• INFORMATION SHOWN:
-*-*-

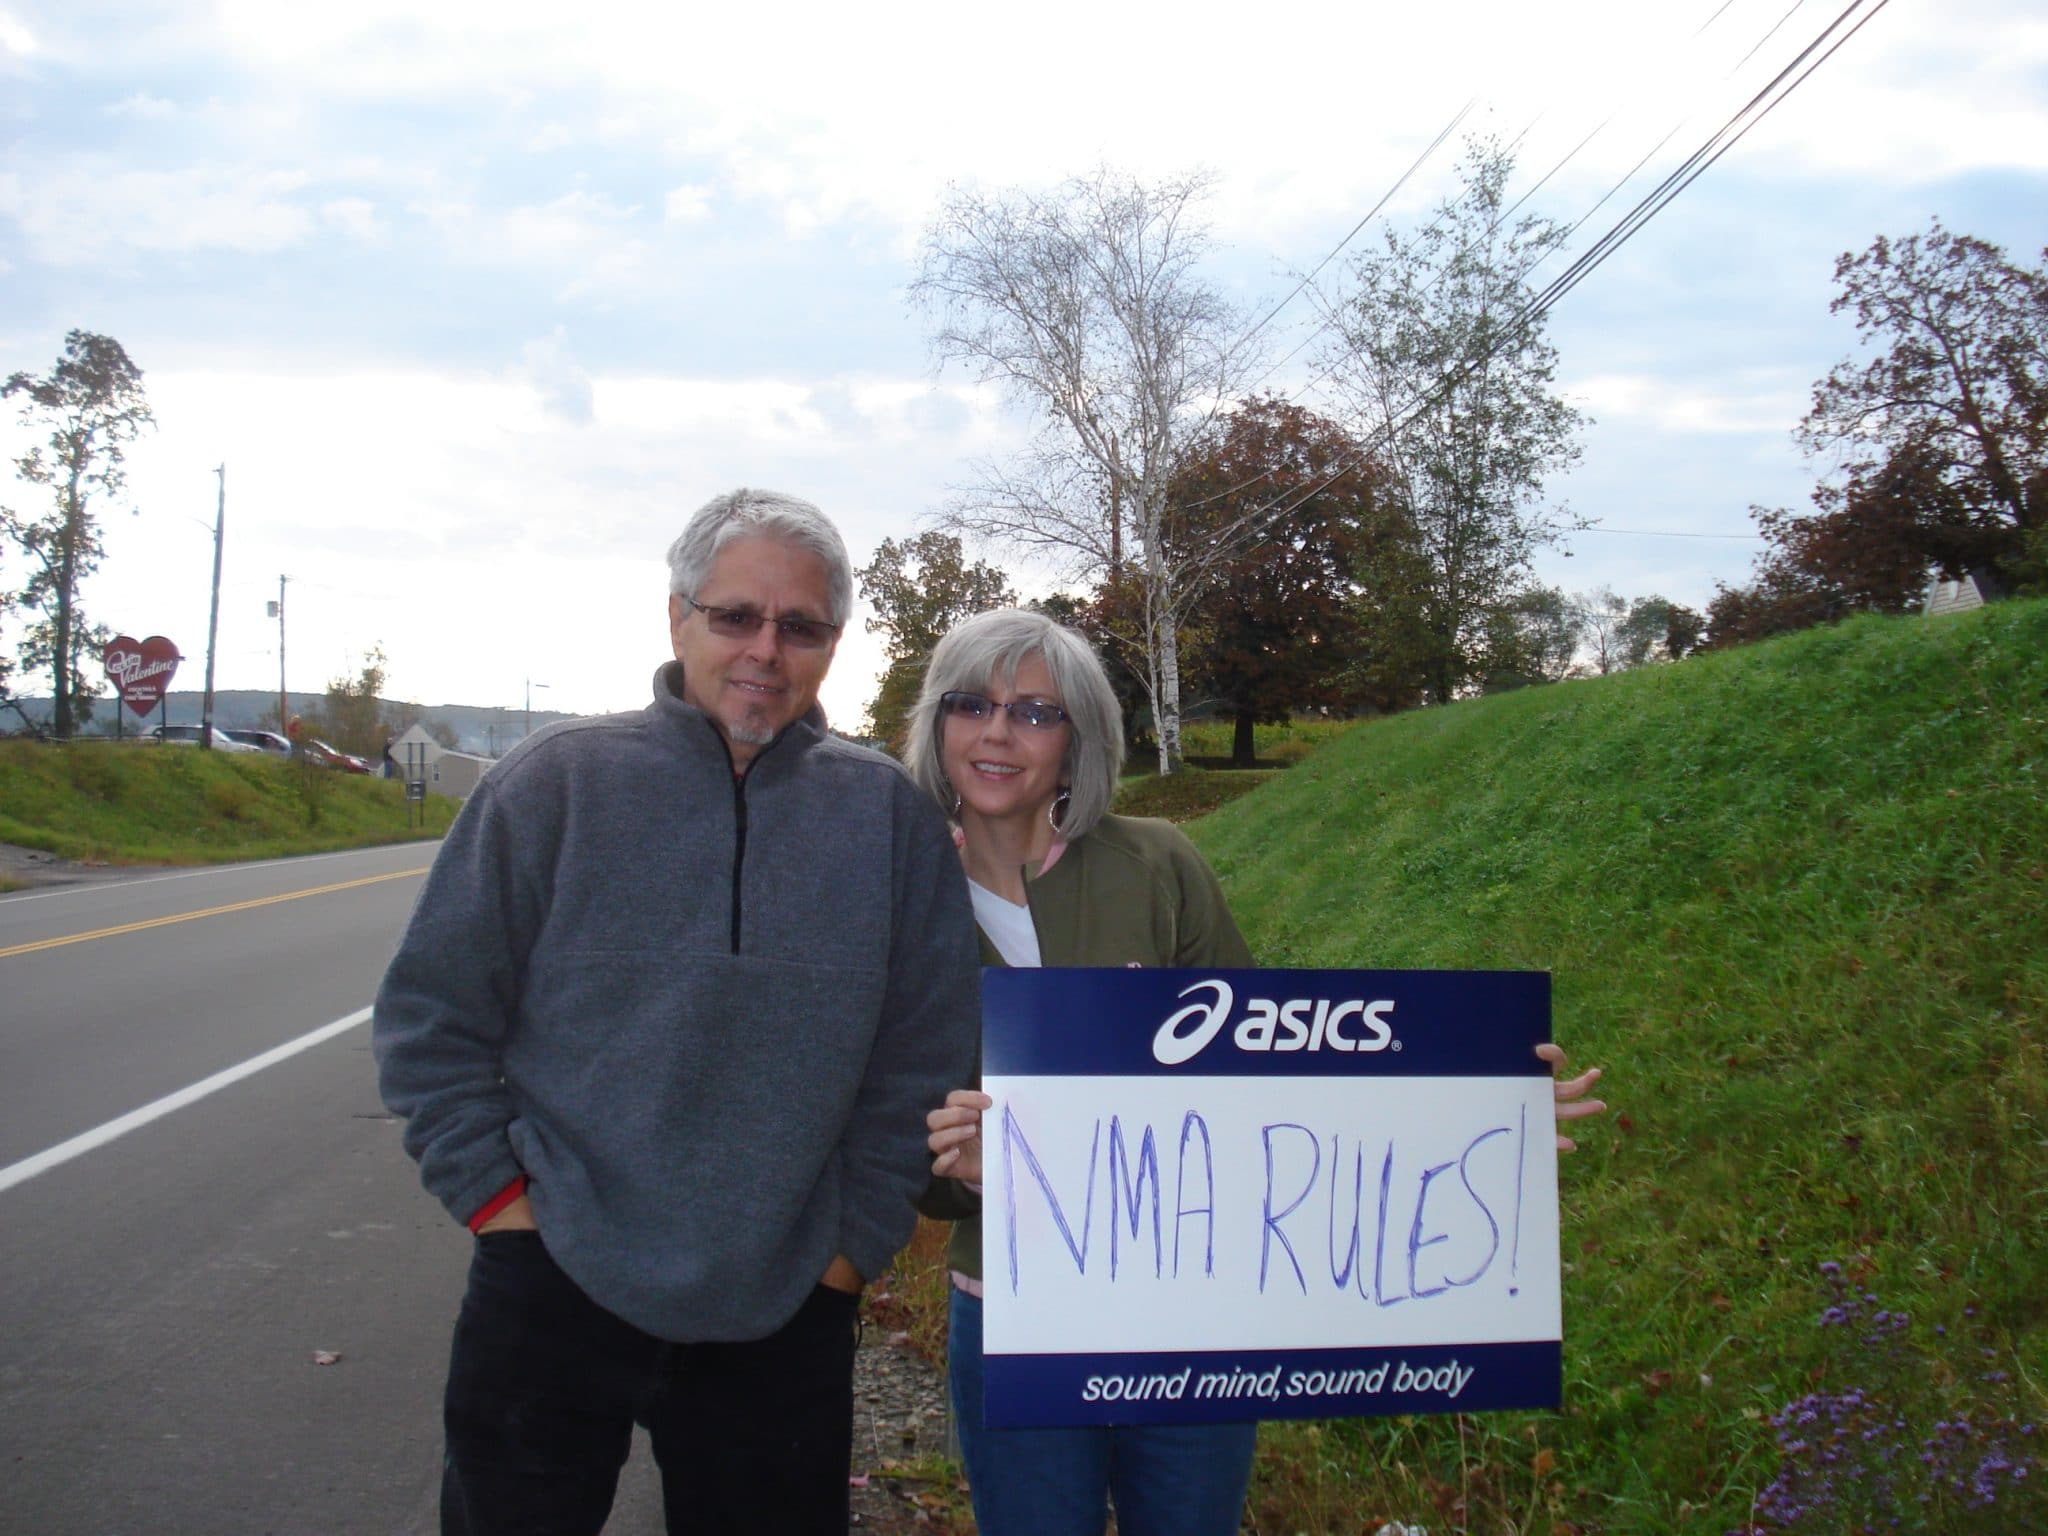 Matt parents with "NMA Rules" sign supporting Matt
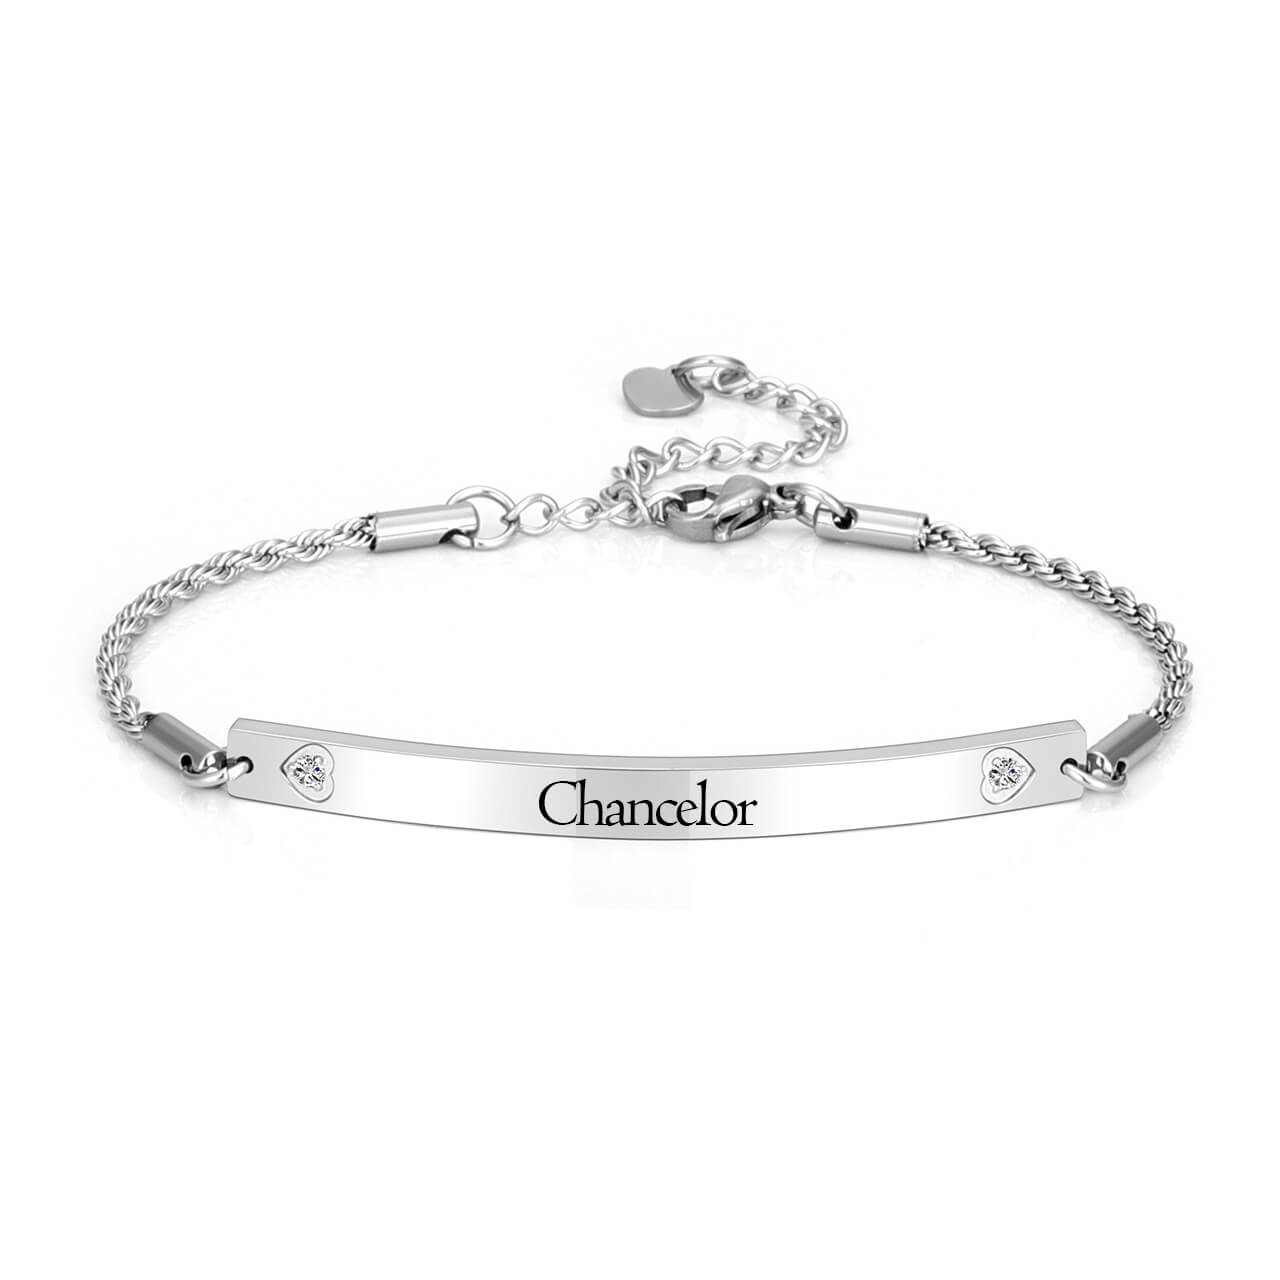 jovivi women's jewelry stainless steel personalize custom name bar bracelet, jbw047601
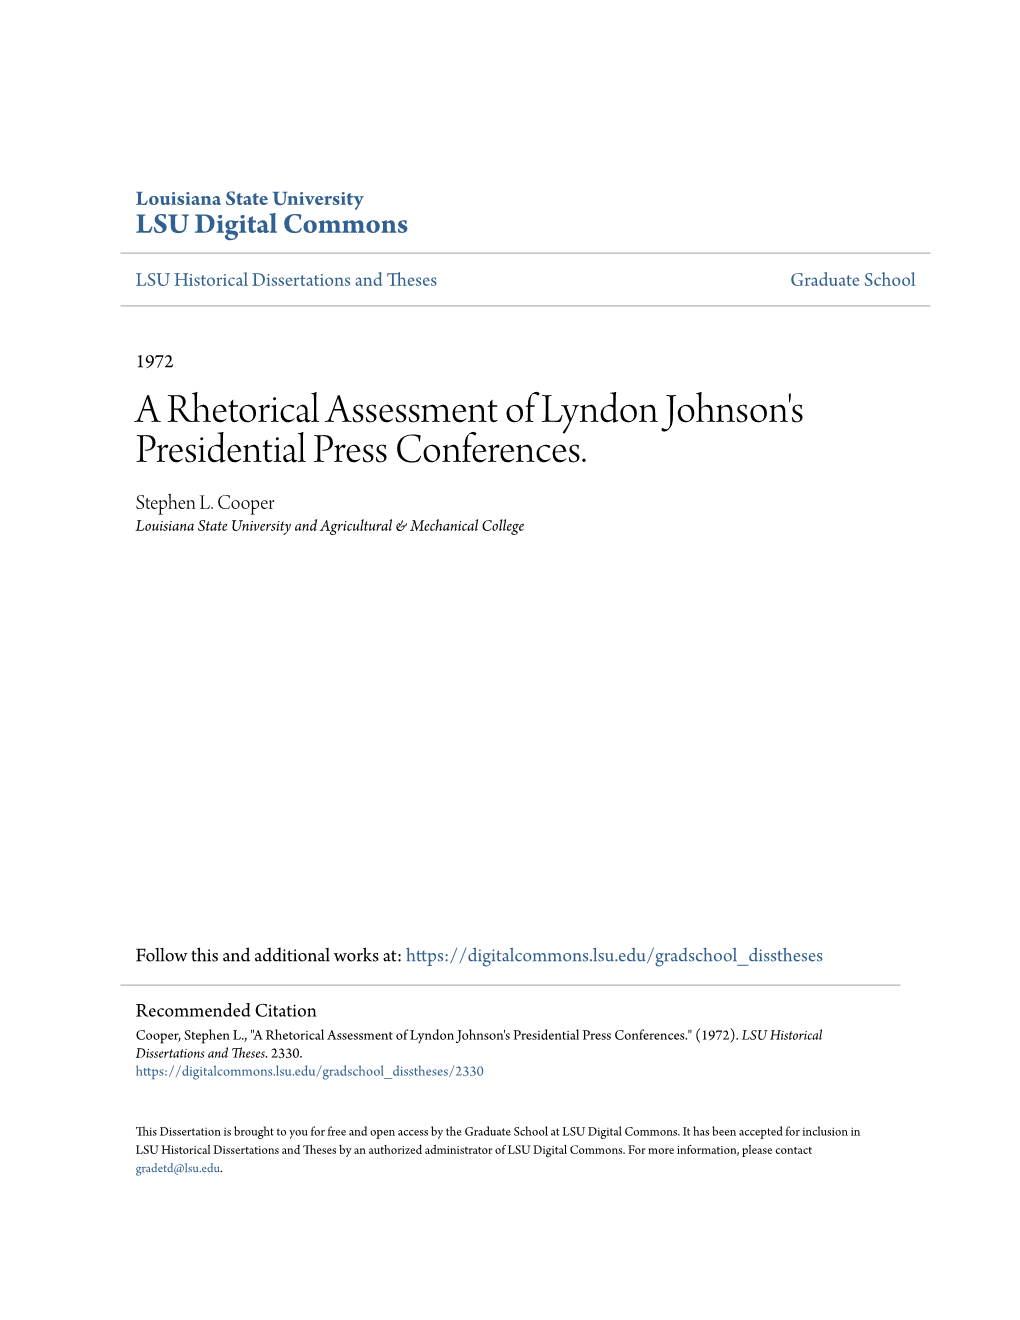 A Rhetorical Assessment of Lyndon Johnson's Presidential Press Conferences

-*-*-

• WHAT THE TASK ASKS: Copy out all of the listing word for word, but skip the images.

• SOLUTION TO THIS TASK:
 Matt parents with "NMA Rules" sign supporting Matt
 jovivi women's jewelry stainless steel personalize custom name bar bracelet, jbw047601
 A Rhetorical Assessment of Lyndon Johnson's Presidential Press Conferences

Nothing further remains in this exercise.